* _TASK STATEMENT_:
Output, exactly and with no pictures, the line that contains "The host-ital. Recovery" and every line that comes after it in the data below, the last one included.

* _SUPPLIED MATERIAL_:
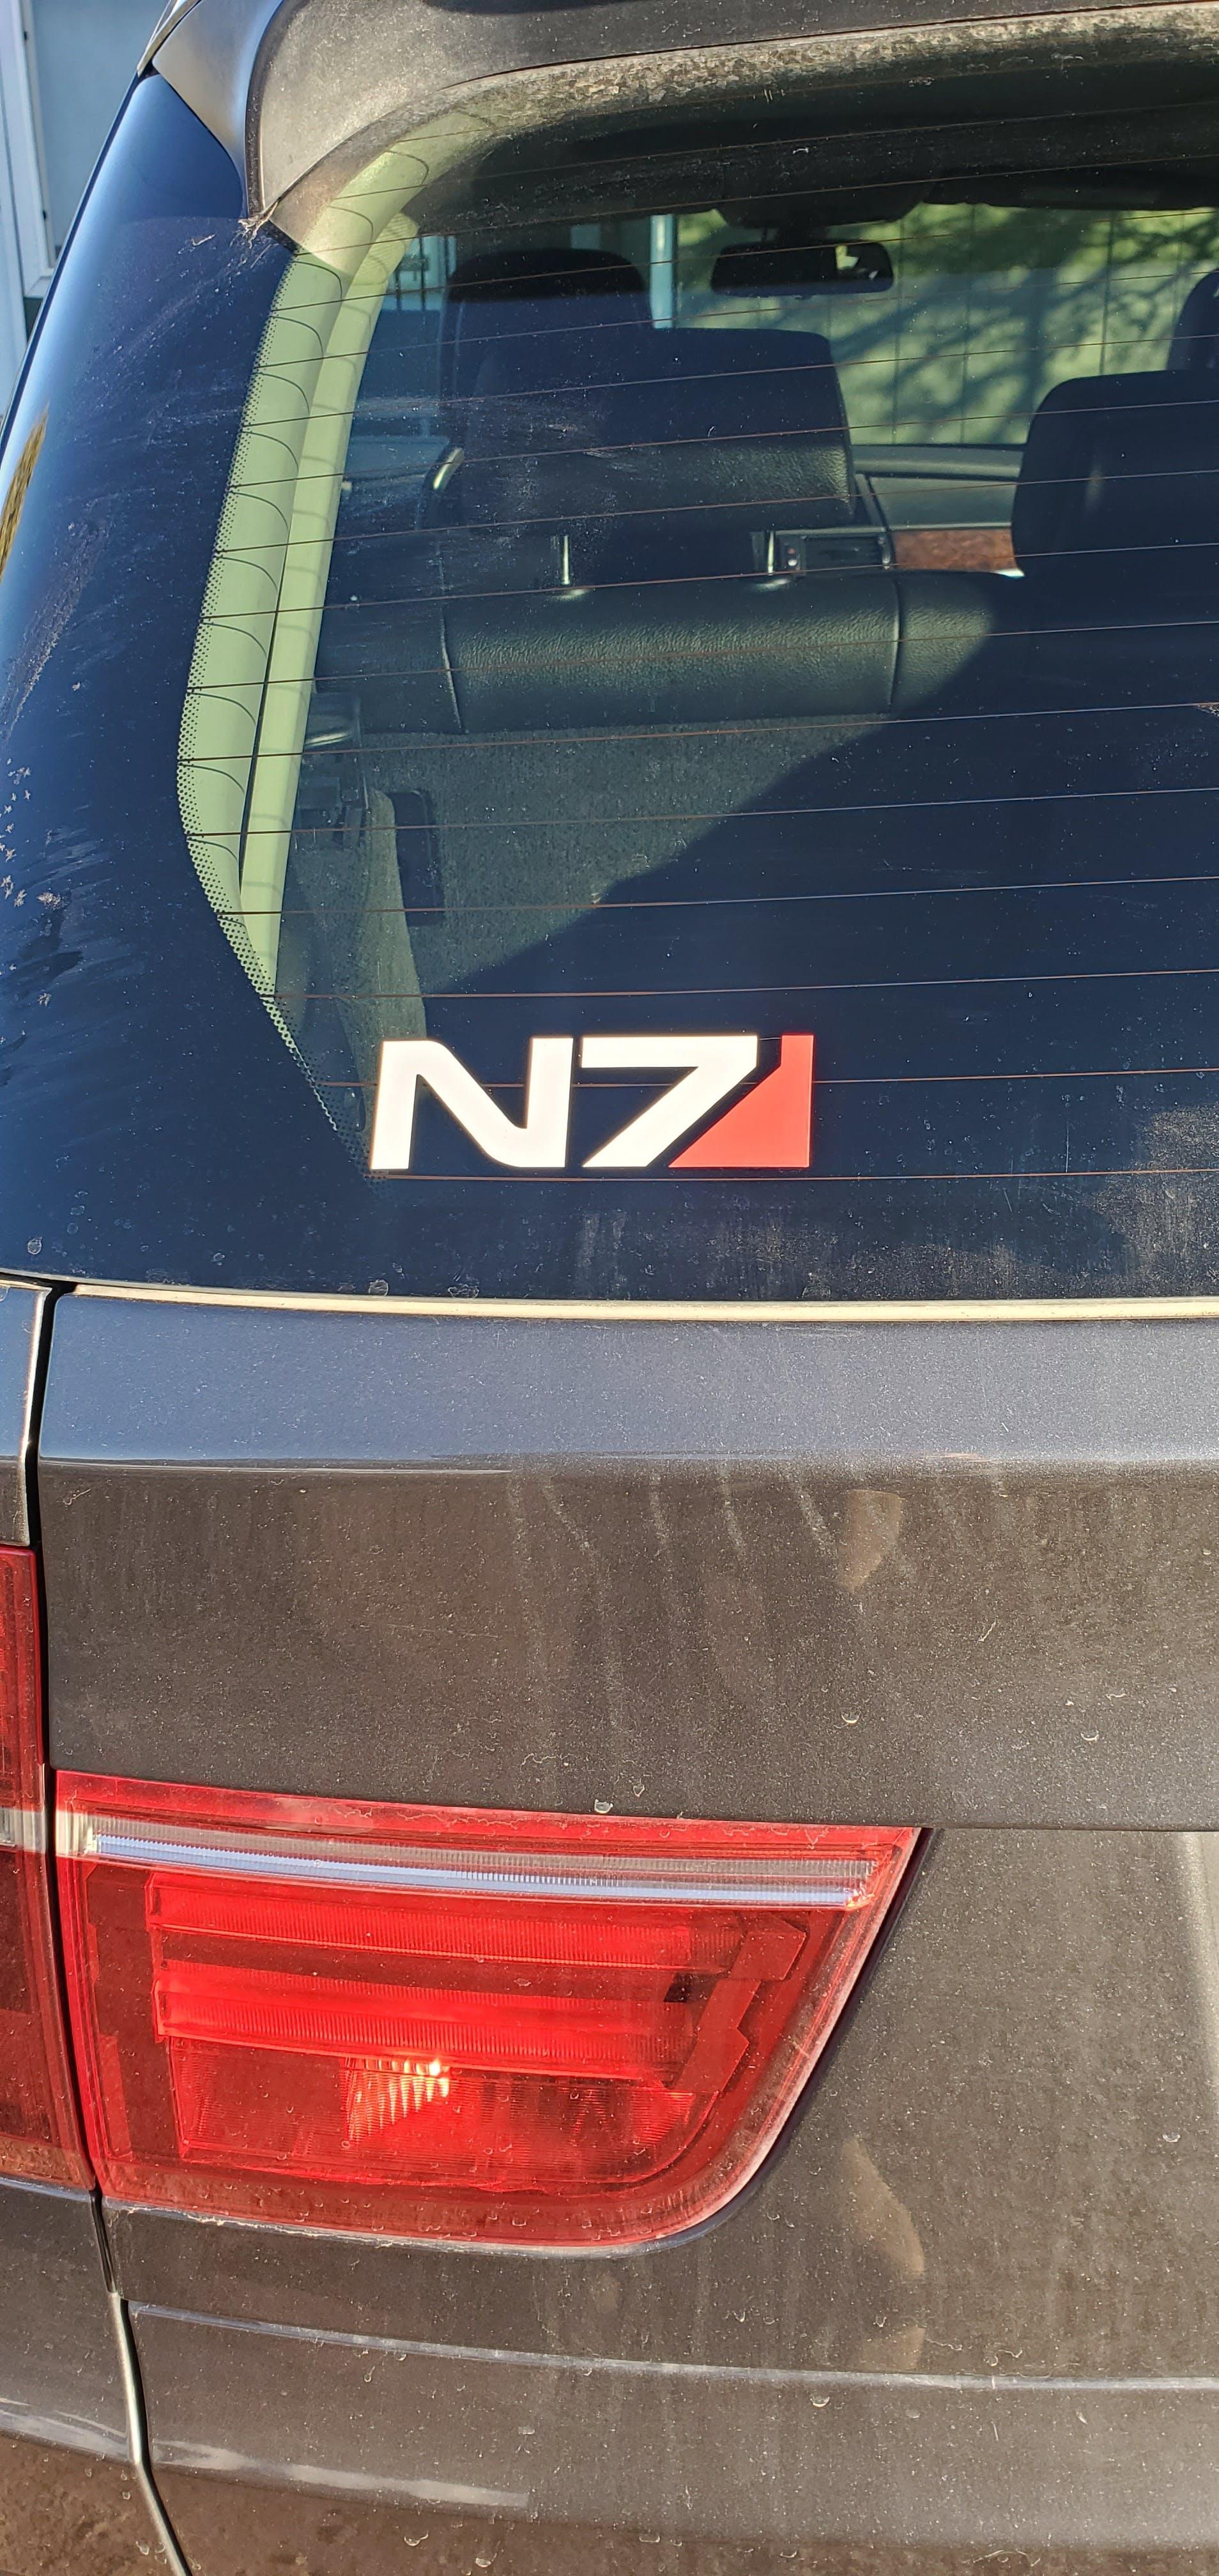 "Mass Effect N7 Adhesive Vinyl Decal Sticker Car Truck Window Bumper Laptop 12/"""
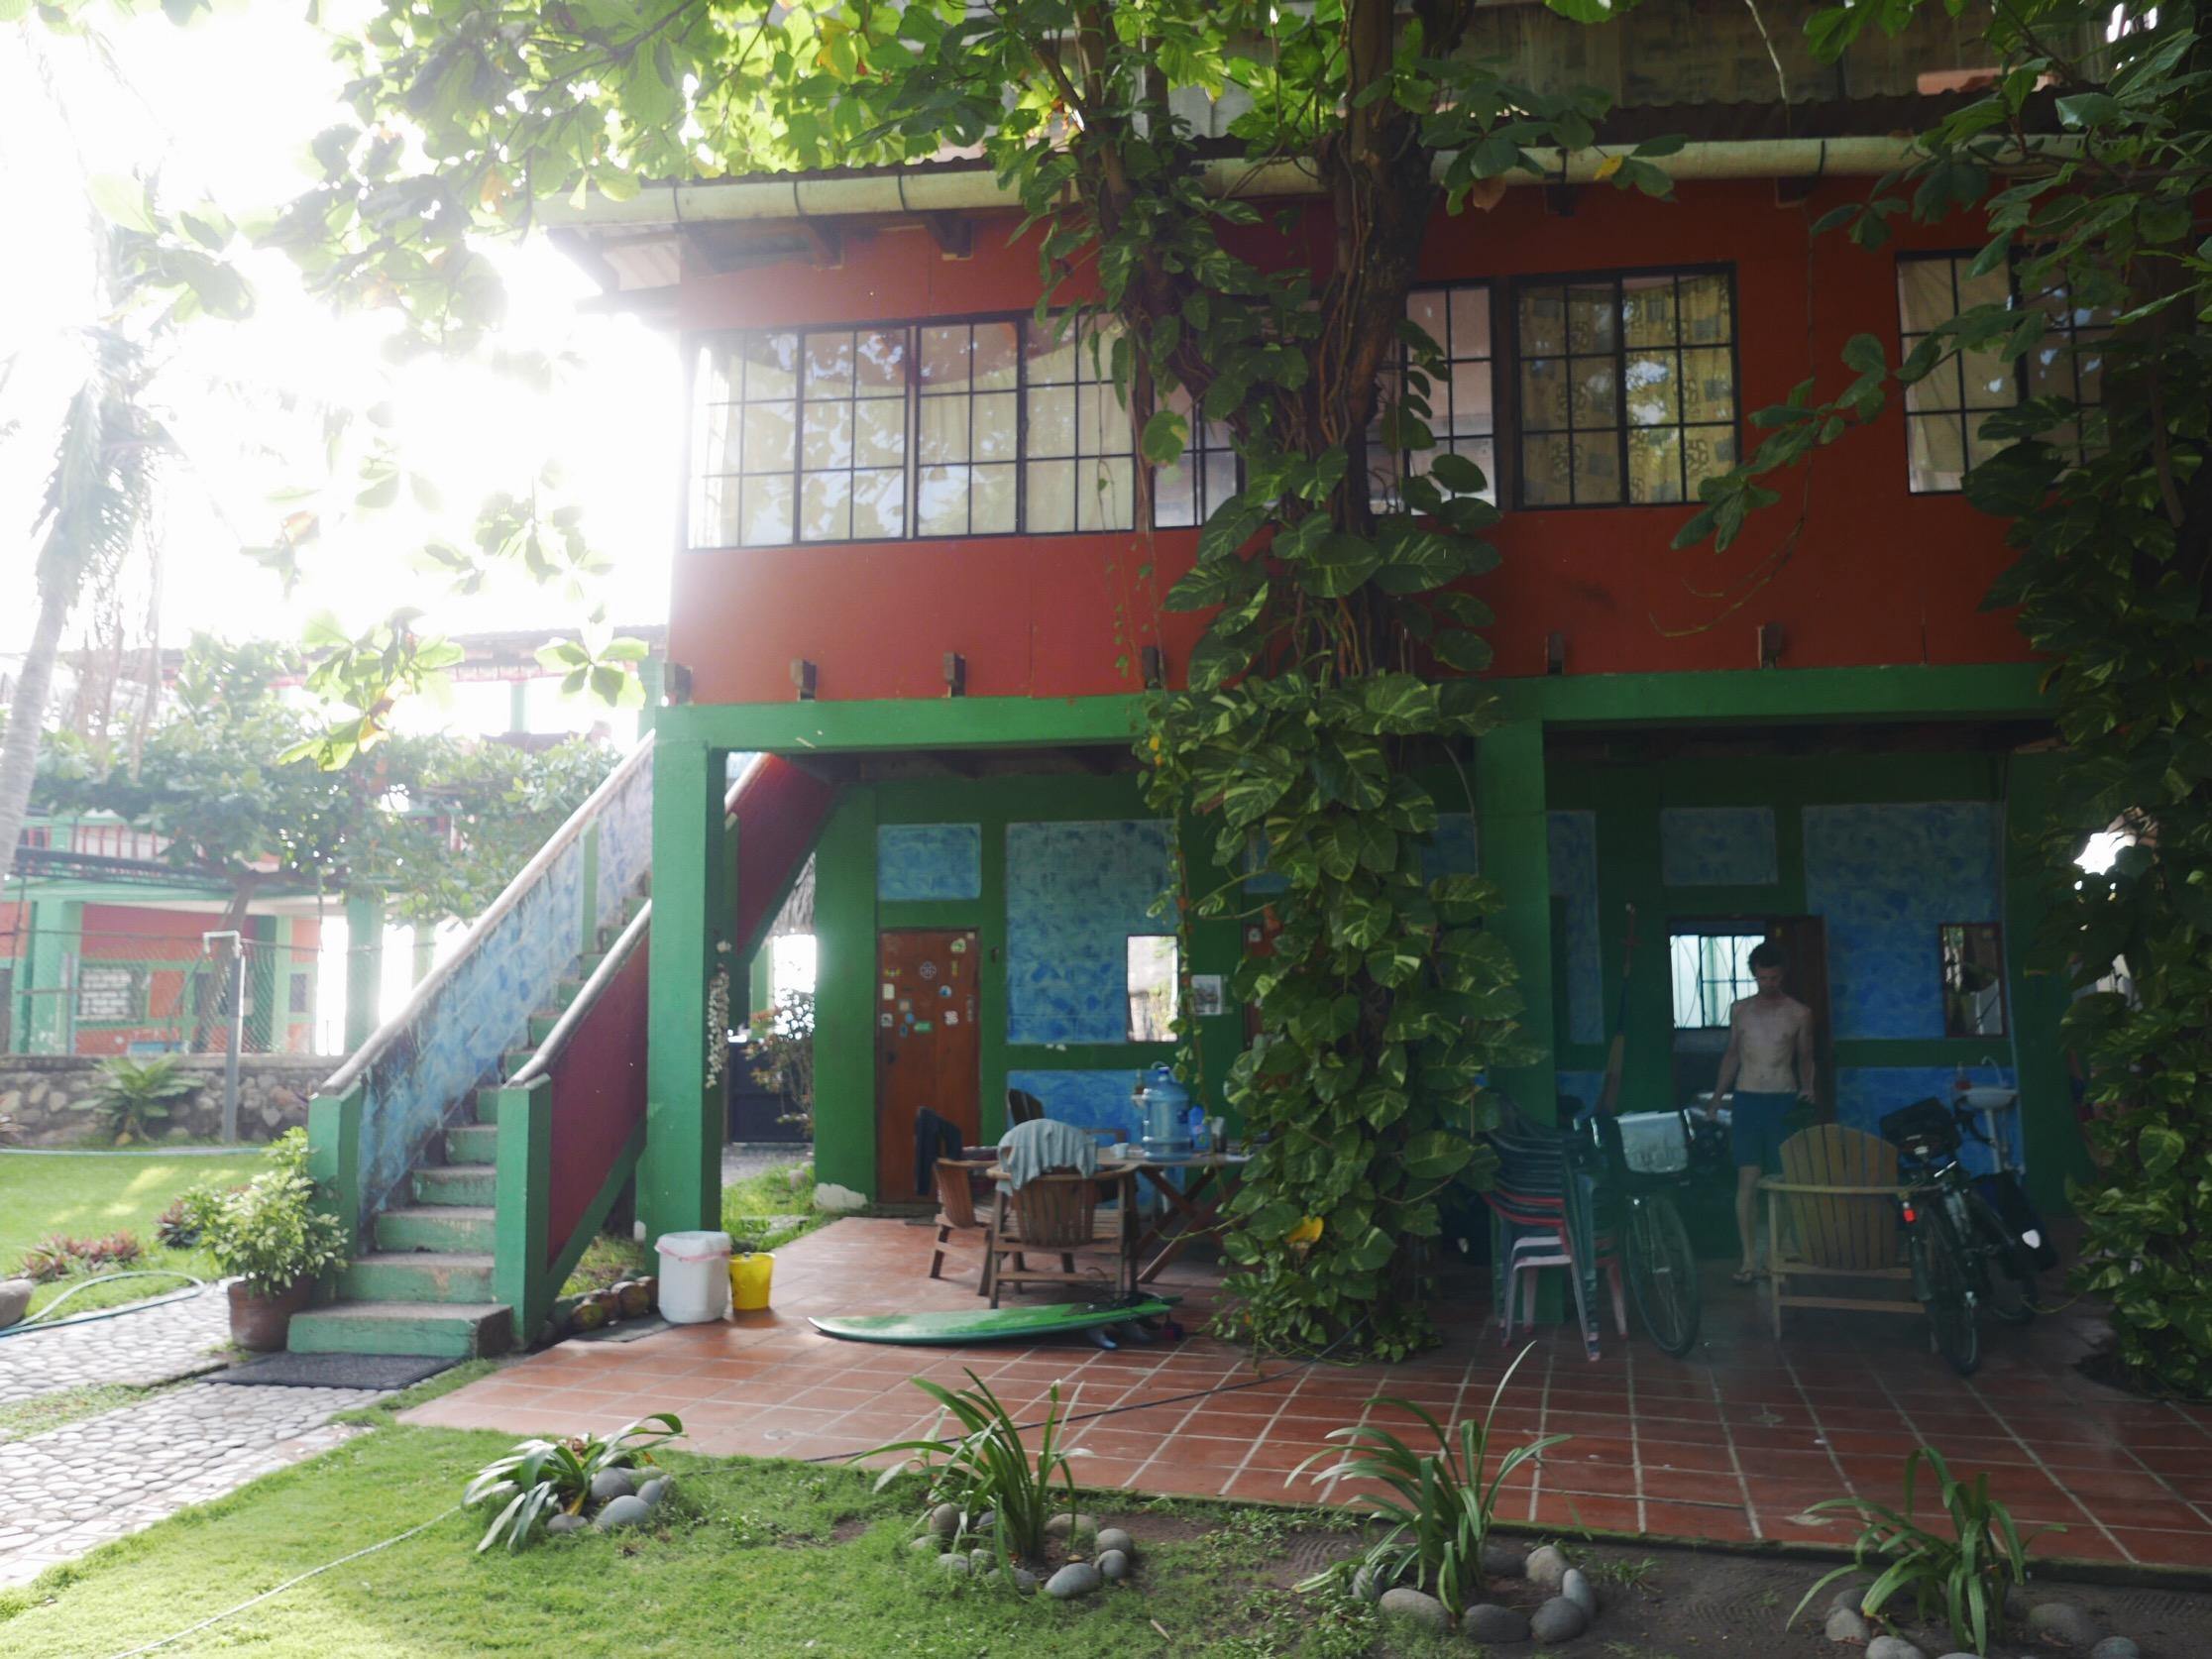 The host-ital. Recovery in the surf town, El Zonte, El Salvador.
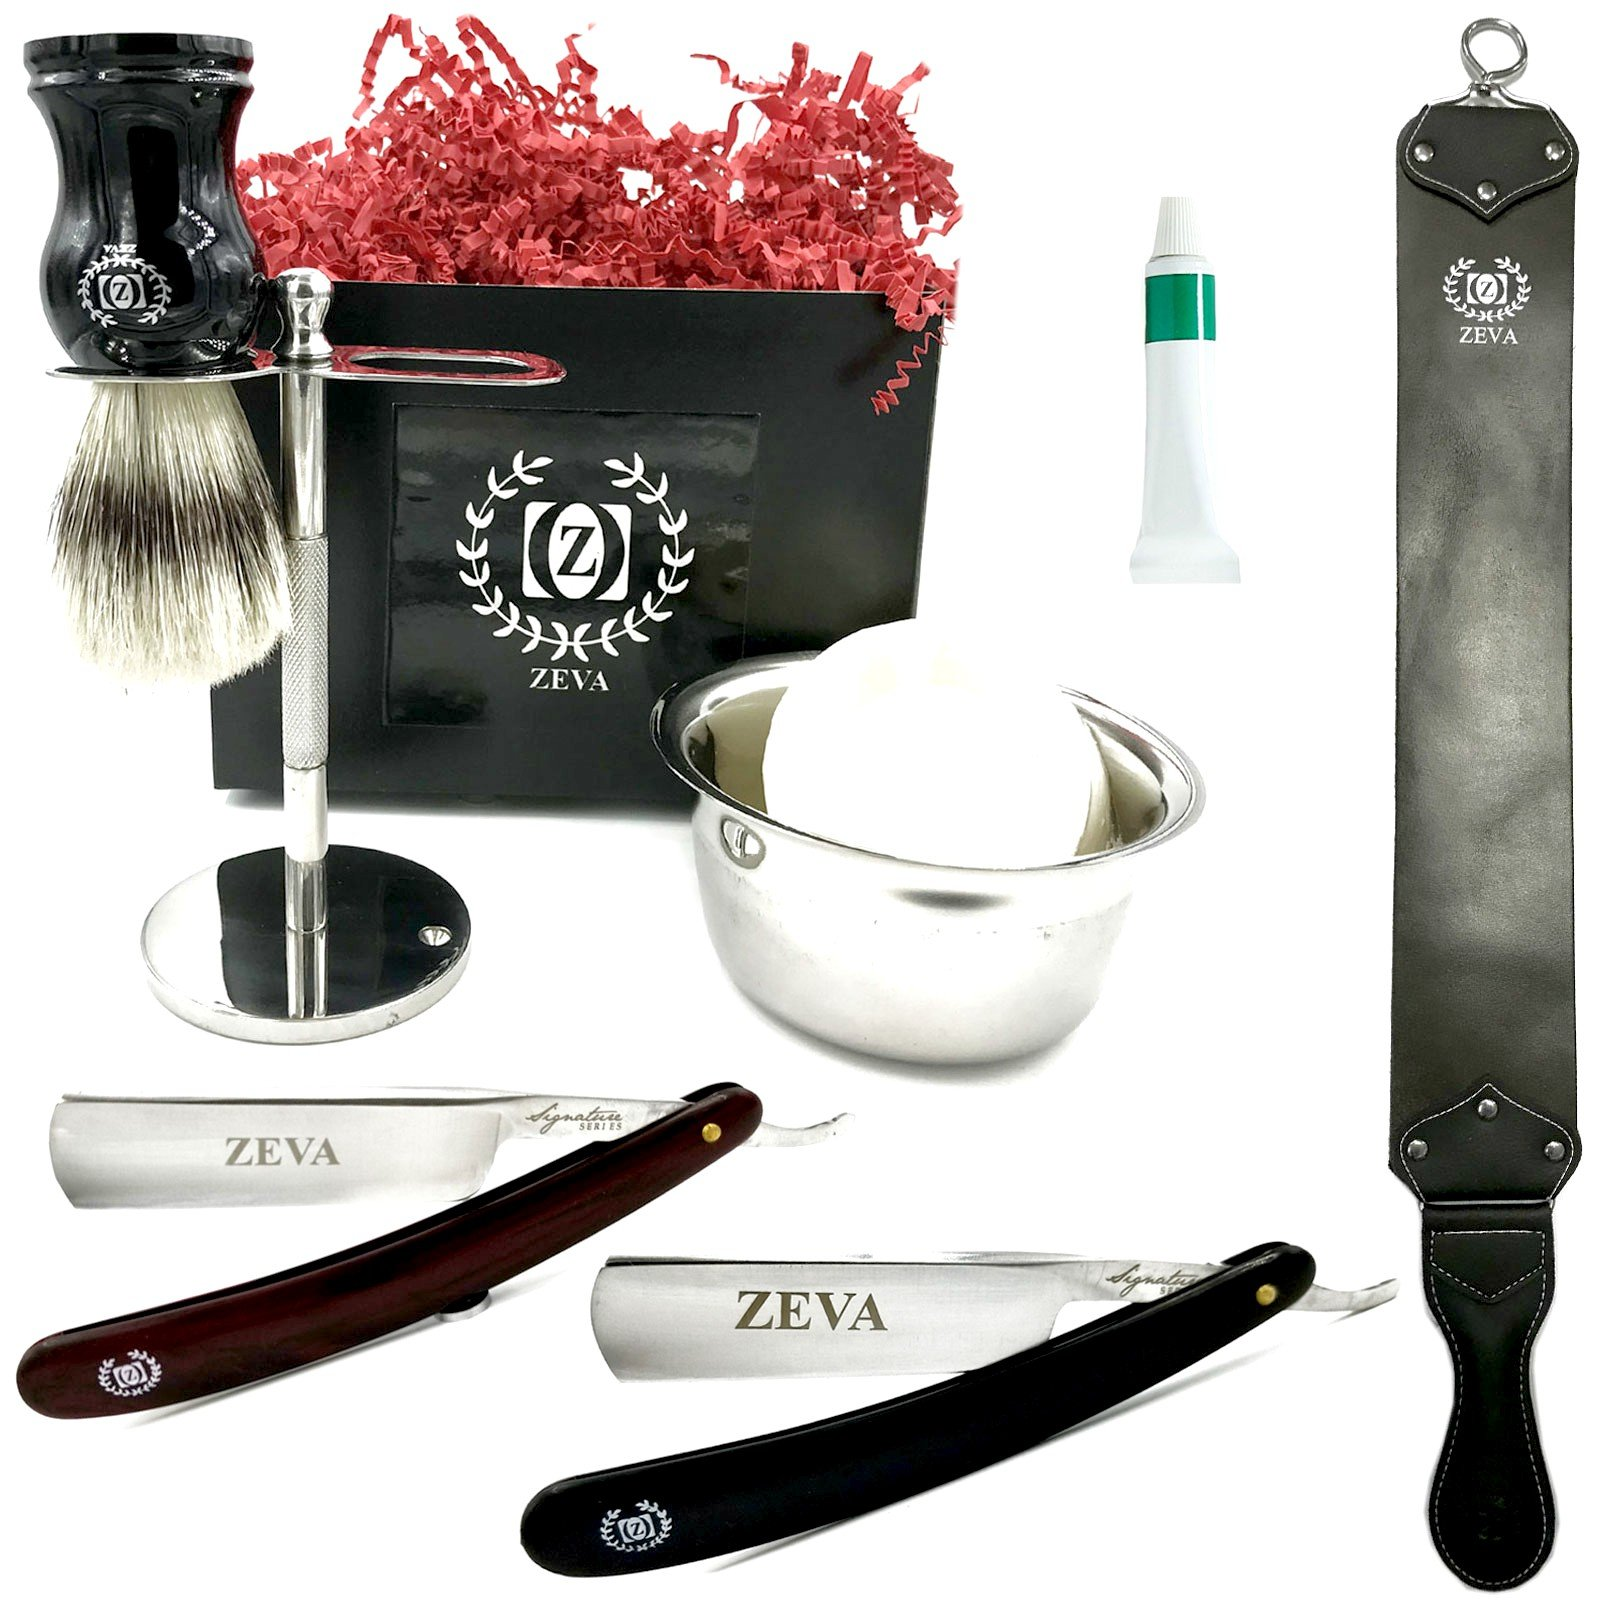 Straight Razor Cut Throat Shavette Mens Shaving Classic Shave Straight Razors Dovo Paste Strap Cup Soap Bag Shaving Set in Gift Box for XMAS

* _SOLUTION FOR THIS EXERCISE_:
 The host-ital. Recovery in the surf town, El Zonte, El Salvador.
 Straight Razor Cut Throat Shavette Mens Shaving Classic Shave Straight Razors Dovo Paste Strap Cup Soap Bag Shaving Set in Gift Box for XMAS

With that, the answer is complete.